WORK REQUEST: Copy all lines below exactly as written. Leave pictures out.

INFORMATION SUPPLIED:
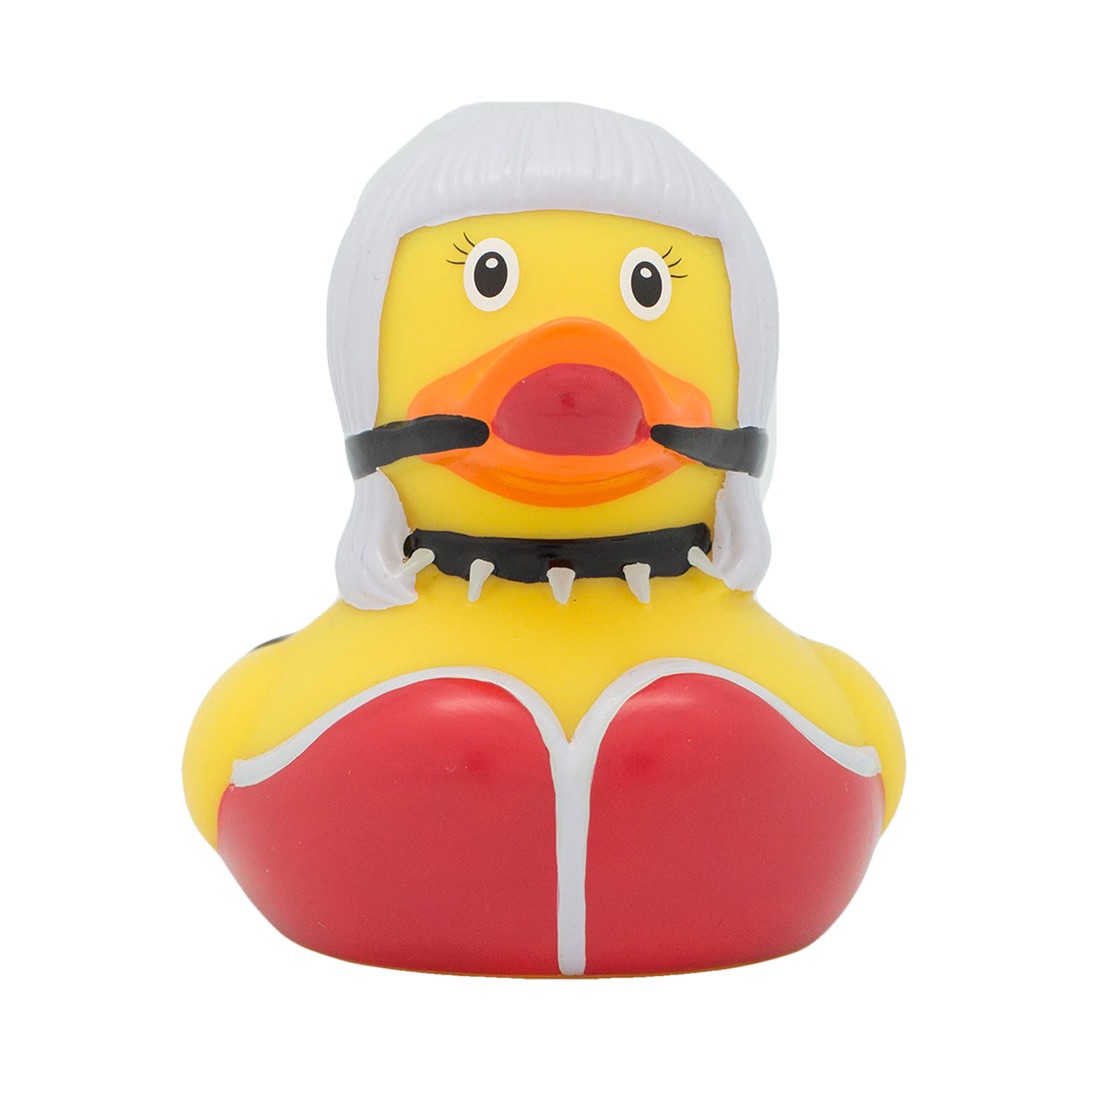 Naughty rubber duck
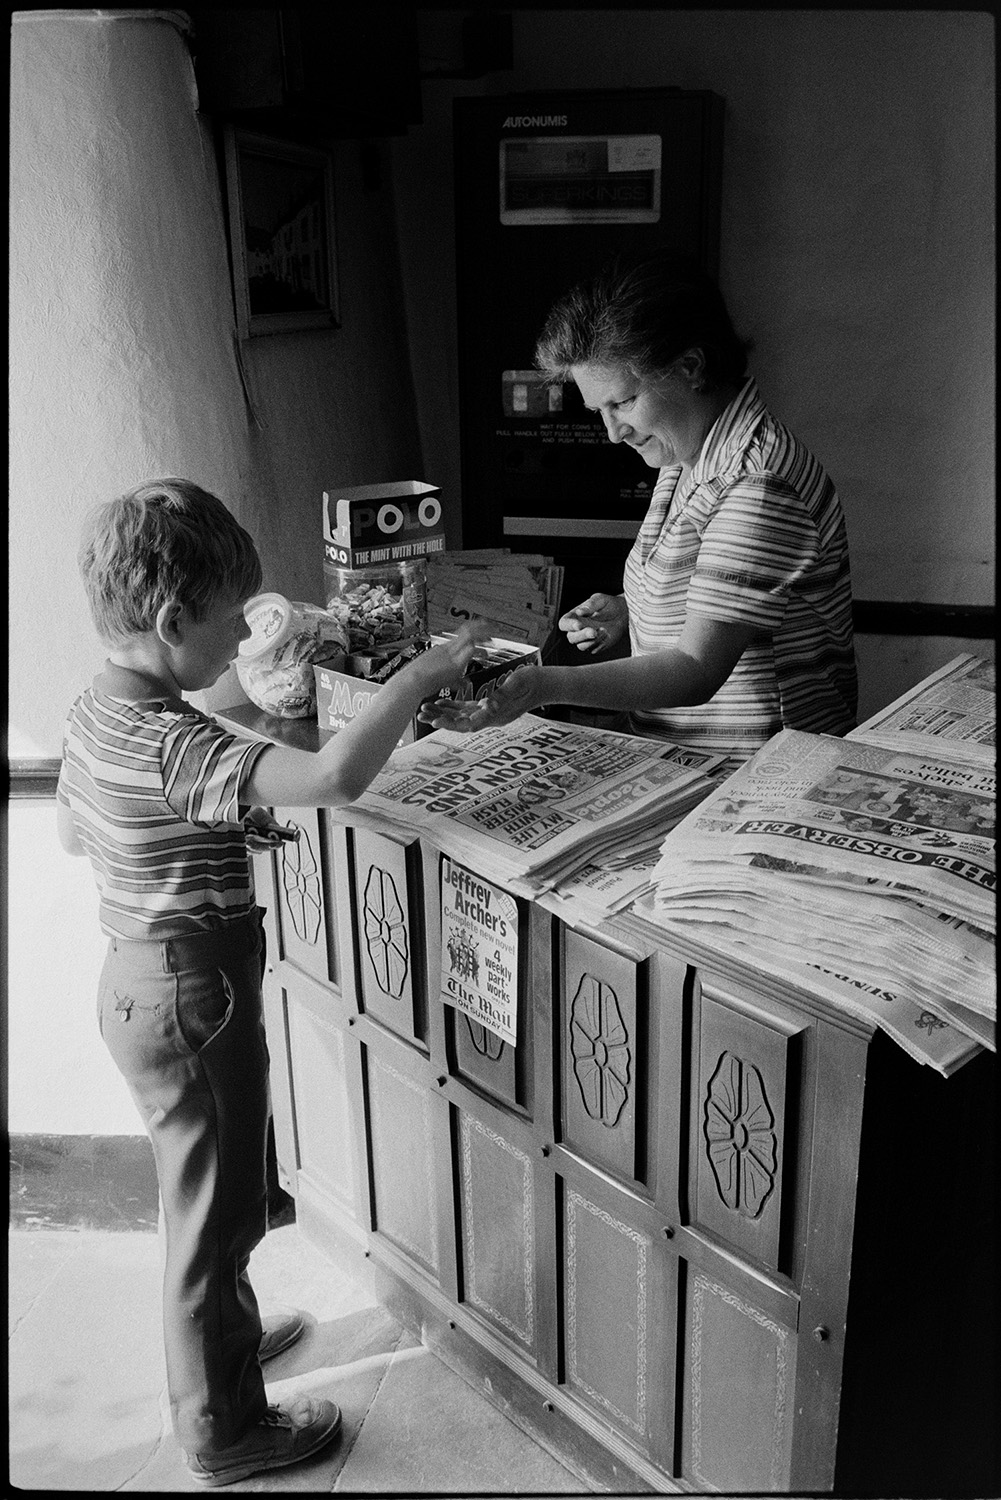 Sunday newspaper seller at door of pub, people buying papers.
[A boy buying sweets from a woman behind a carved wooden counter in the Rams Head Inn, Dolton on which there are sweets and piles of Sunday papers for sale. On the front of the counter is an advertisement for Jeffrey Archer's new novel to be published in four parts in The Mail on Sunday.]
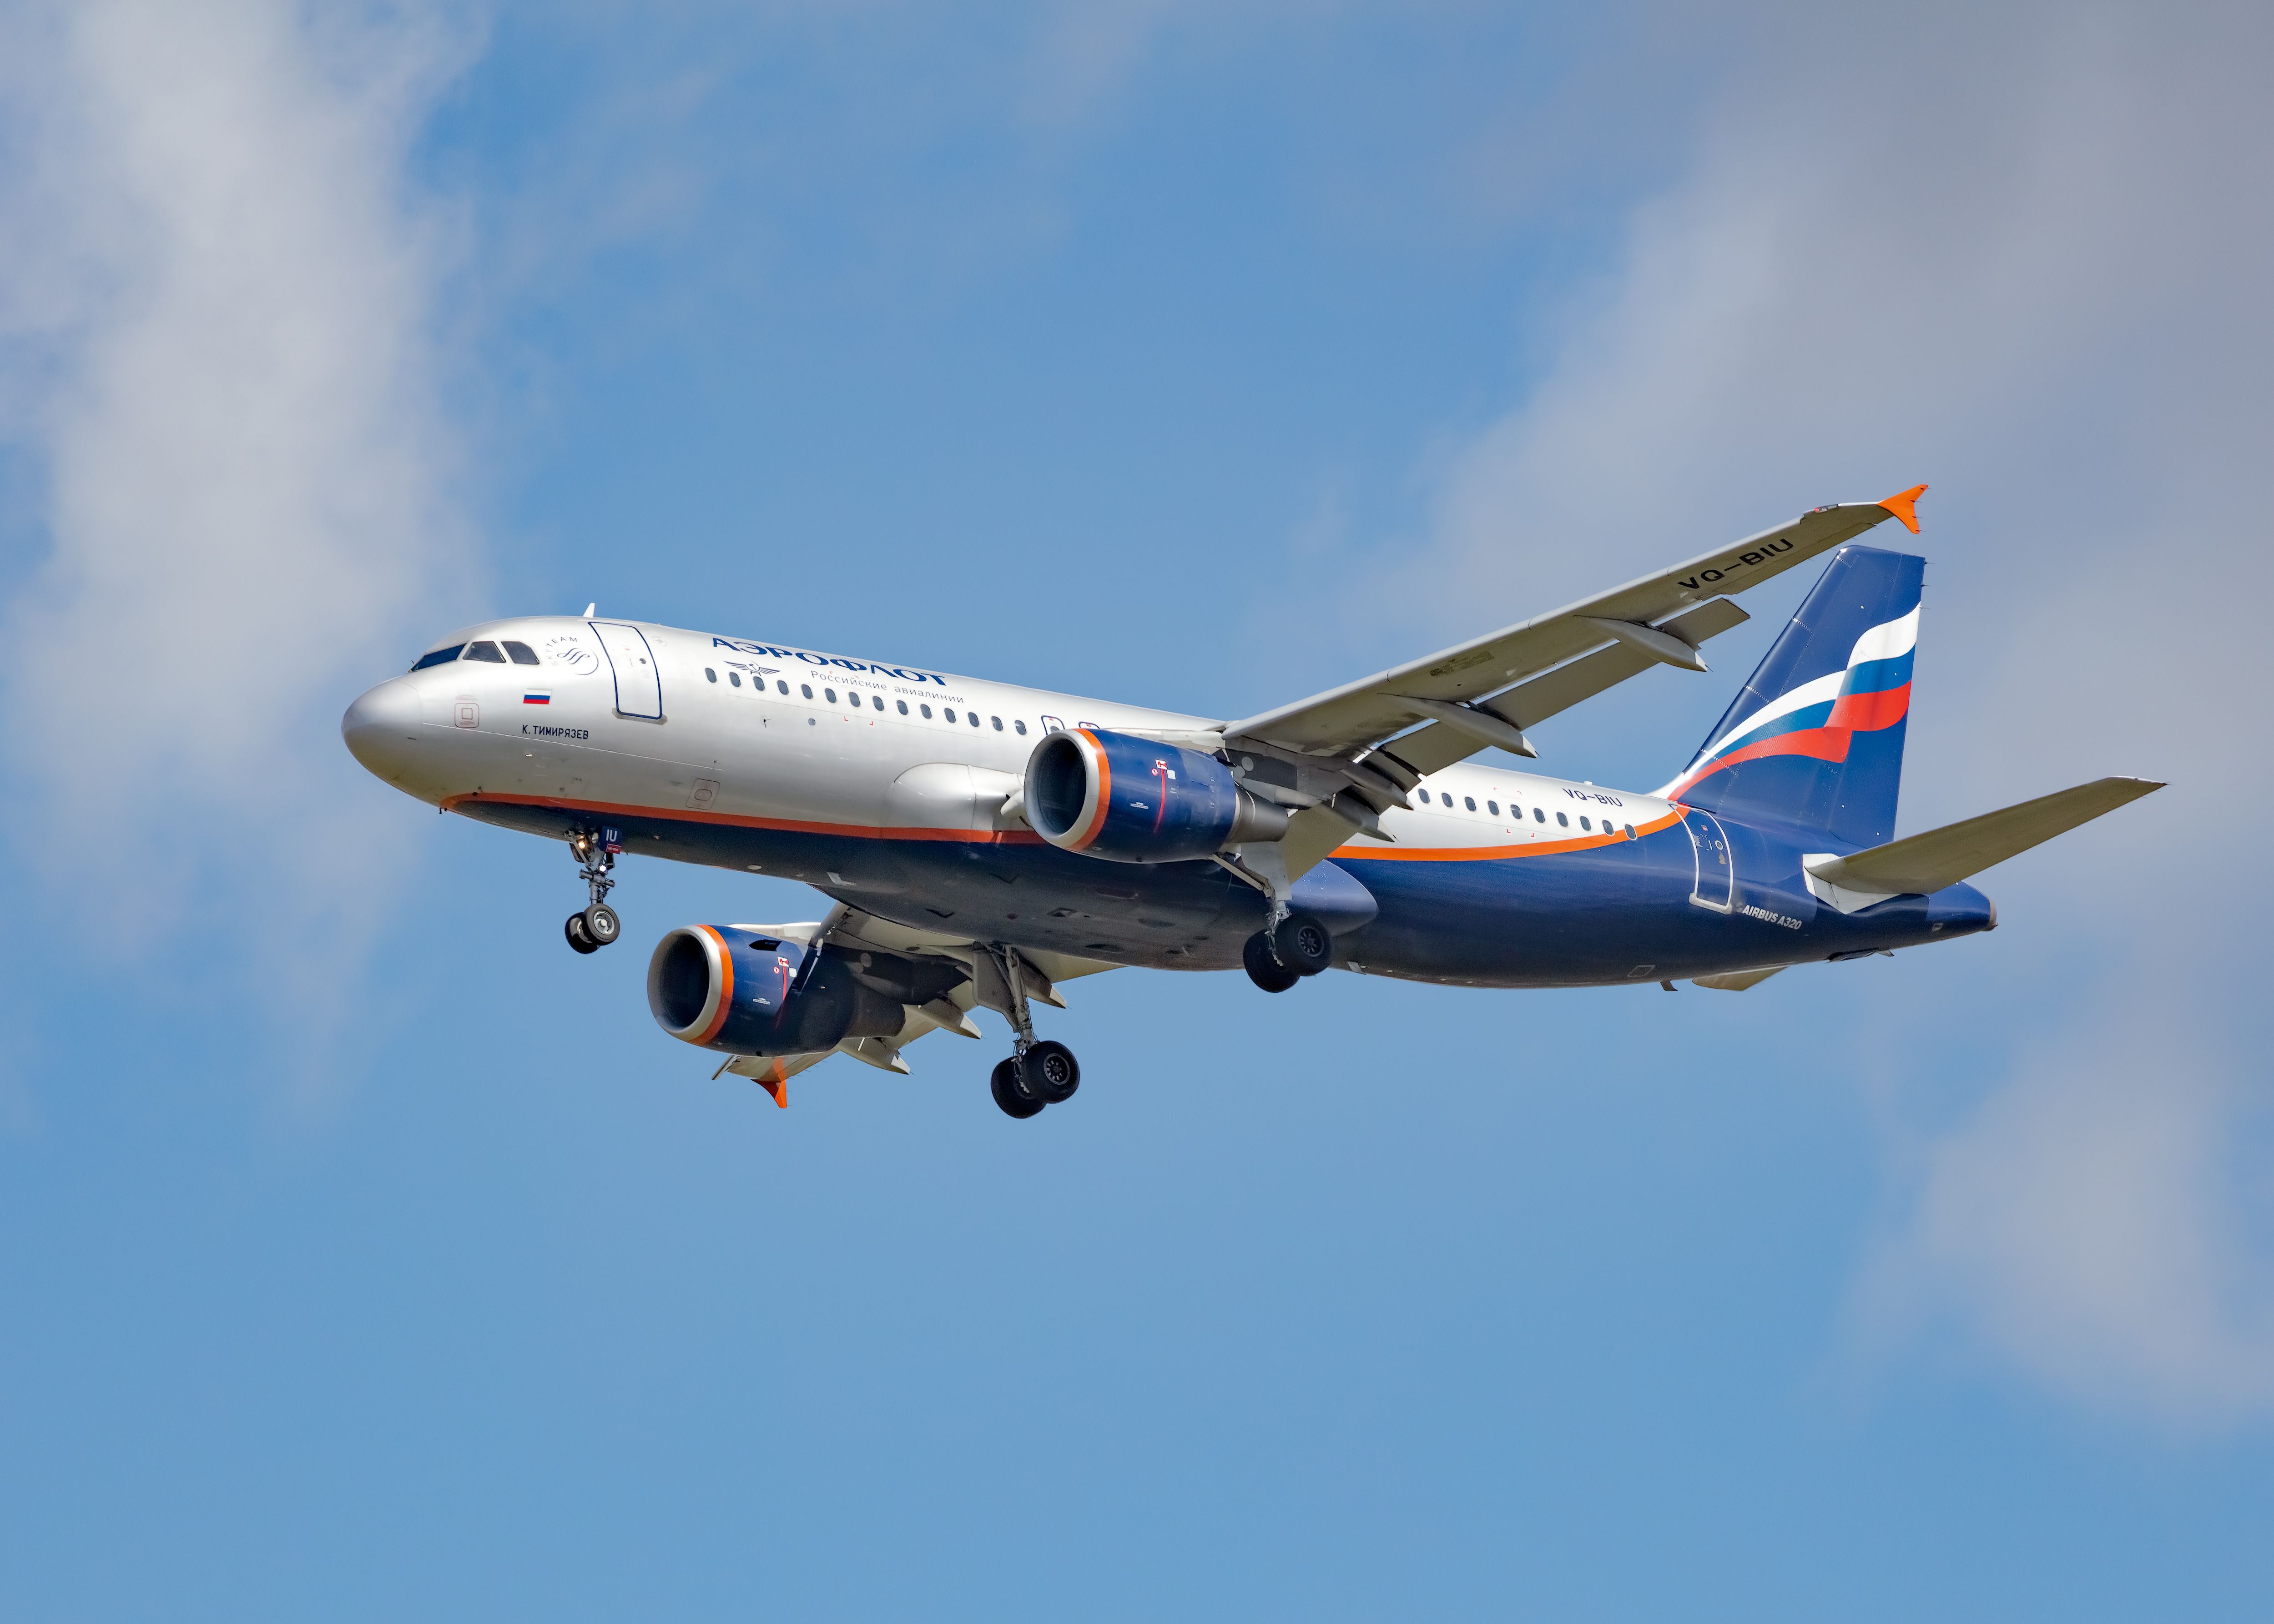 Hungary Launch Report On 2019 Aeroflot Airbus A320 Smoke In Cabin Incident

OUTPUT FOR THIS EXERCISE:
 Naughty rubber duck
 Sunday newspaper seller at door of pub, people buying papers.
[A boy buying sweets from a woman behind a carved wooden counter in the Rams Head Inn, Dolton on which there are sweets and piles of Sunday papers for sale. On the front of the counter is an advertisement for Jeffrey Archer's new novel to be published in four parts in The Mail on Sunday.]
 Hungary Launch Report On 2019 Aeroflot Airbus A320 Smoke In Cabin Incident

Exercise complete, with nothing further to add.